Thursday, 4 December 2008

The Tests You Will Take

You may already be diagnosed with P.H. If so you will have to go through a very long series of tests before they can give you the proper treatment, which may include surgery. It can take less time if you have a super-endocrinologist who really understands Conn's and wants to help you get better fast. These types of doctors are rare and hard to find. And if you are like me, you will find yourself at the mercy of the doctors offices, not just your doctor, and let me tell you, those medical staff people can make or break you. They have far too much power for so little training. My endocrinologist's office has made numerous errors, including making appointments before having me get blood work or urine collection. And then they make you feel like getting an appointment (after they screwed up, mind you) is a privilege. It's not, and it is your right as a patient. Wasted time can cost you a lot when you are in pain and feel hopelessly off-kilter. You need to become your own advocate (see my below blog on helpful tips with that).

My second endocrinologist (I'm on my 3rd), told me if I didn't follow the order of the tests, it would seriously delay diagnosis and treatment. He was right on that accord. But what he forgot to tell me was what to do in the middle of all the tests. How do I get through my days when I can barely concentrate or remember simple things. Unfortunately, I had to take care of all that on my own, and it's been a very long, sometimes depressing road. If I may be so bold--I recommend going on anti-depressants while you are undergoing all these tests. It can take up to a year to make the right diagnosis and you need to take care of your emotional well-being in the meantime. I've never been a huge fan of them, but recently I feel they may have saved my life. Each patient is different so it's best to talk to your G.P., maybe not your endo because he's only there to deal with your endocrine system, not your head. However, if your endo is an empathetic person, it's certainly worth asking.
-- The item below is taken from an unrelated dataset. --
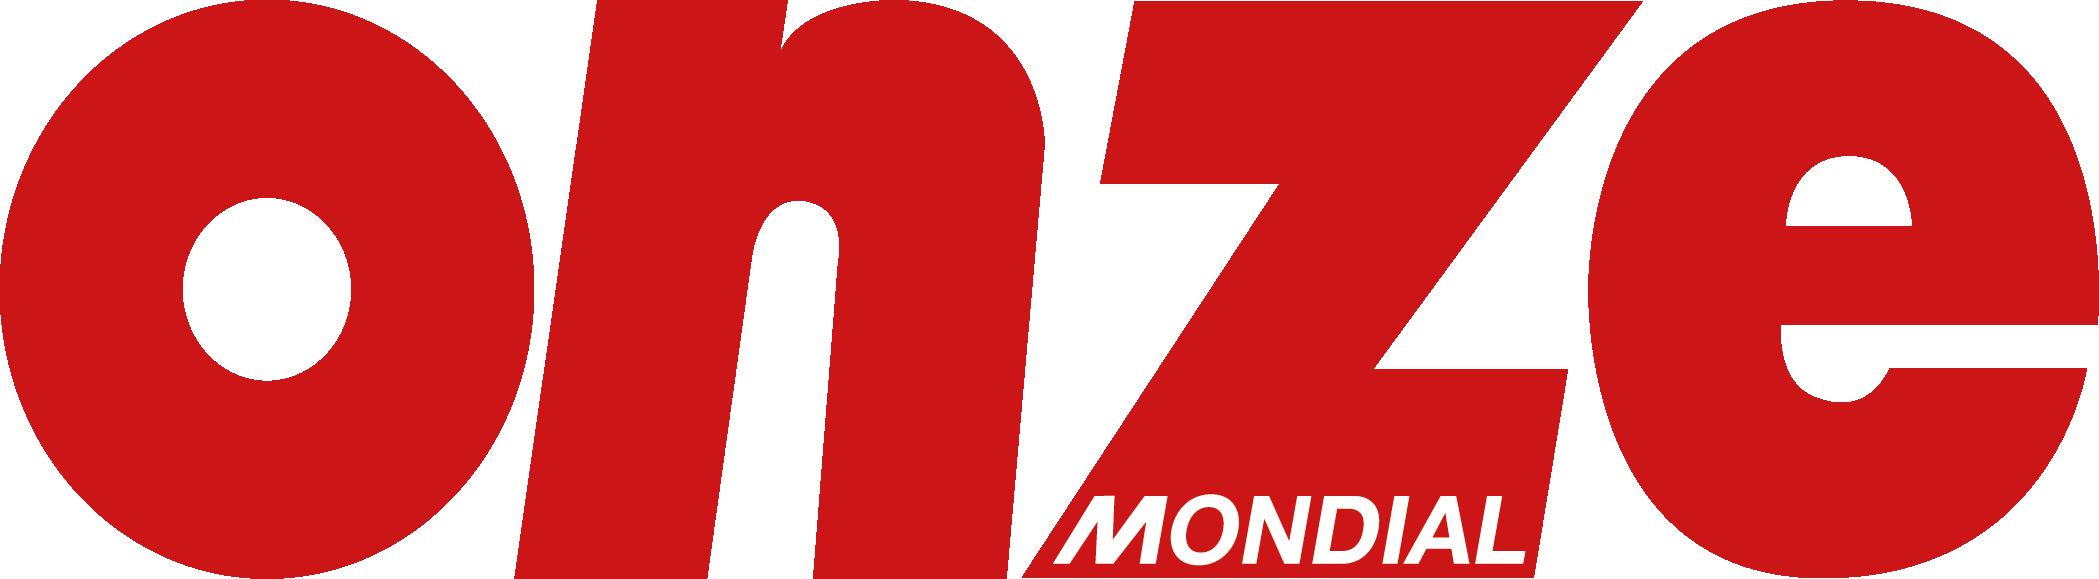 logo-onze-mondial-hdpng-93990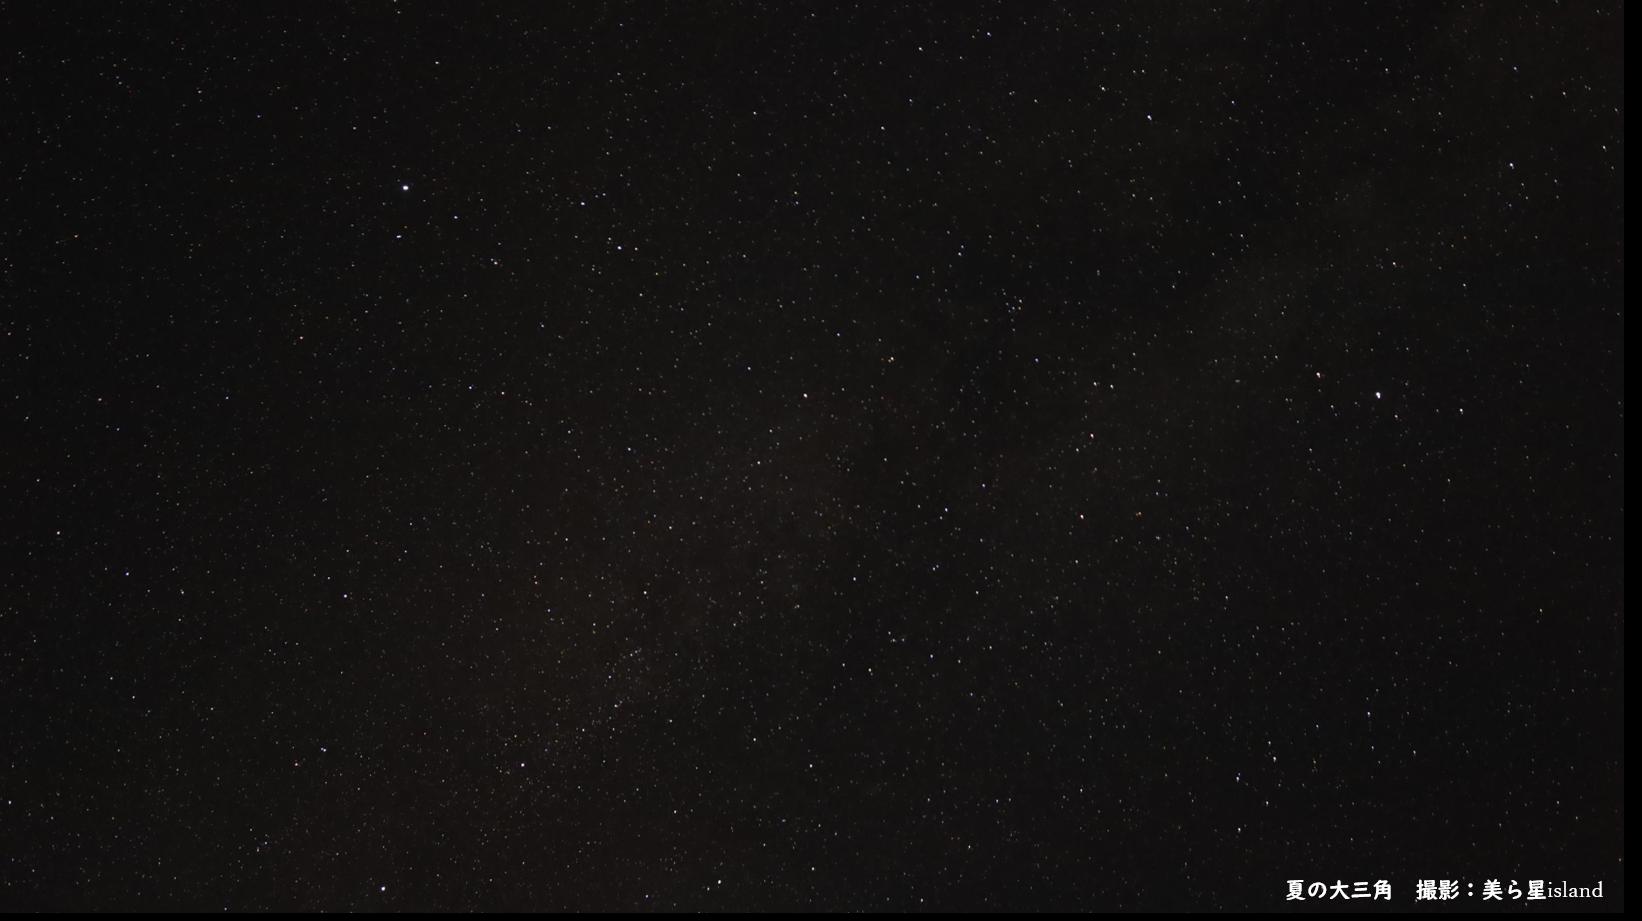 石垣島の星空 夏の大三角

In the meantime, here is a list of tests that most endocrinlogists have you take before making a decision about surgery vs. a life-long commitment to medication. The tests can start out in different order with different doctors.

Hyperaldosteronism Tests:

1) Lots of blood work which may be requested weekly or bi-weekly at times.

2) Blood renin tests that are sometimes done in conjunction with the regular blood work.
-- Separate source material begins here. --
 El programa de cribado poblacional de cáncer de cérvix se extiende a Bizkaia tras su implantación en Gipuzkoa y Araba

3)CT scan. This is how they found my tumor, although if your doctor suspects P.A., he will have you take this to be sure.

4) MRI- A surgeon will often request this to see the tumor better (CT's can be rough).

5)Saline-Suppression Test, or Oral Salt Loading Test (it's usually either/or)

6)24-hour urine collection: The test is done to see how much aldosterone is released into your urine.

7)Fludrocortisone suppression test (FST). After you've followed a high-sodium diet and taken fludrocortisone — which mimics the action of aldosterone — for three days, aldosterone levels in your blood are measured.

8)Adrenal Vein Sampling: This is the most reliable test for determining the cause of primary aldosteronism. A radiologist draws blood from both your right and left adrenal veins and compares the two samples. Aldosterone levels that are significantly higher on one side indicate the presence of an aldosteronoma on that side. Aldosterone levels that are similar on both sides point to overactivity in both glands-(this is not great news).

9) Pheochromocytoma Urine Collection: A pheochromocytoma is a rare catecholamine-secreting tumor. Tumors that form outside the adrenal gland are termed extra-adrenal pheochromocytomas or paragangliomas. Because of excessive catecholamine secretion, pheochromocytomas may precipitate life-threatening hypertension or cardiac arrhythmias. If the diagnosis of a pheochromocytoma is overlooked, the consequences could be disastrous, even fatal; however, if a pheochromocytoma is found, it is potentially curable. You will take a urine test (pee in a jug for a day) to determine this.

There may even be more, but thus far these are the ones I have taken. I'm off to my endo tomorrow for results on the AVS and urine collection. Am nervous but hopeful that this will all be over sooner than later.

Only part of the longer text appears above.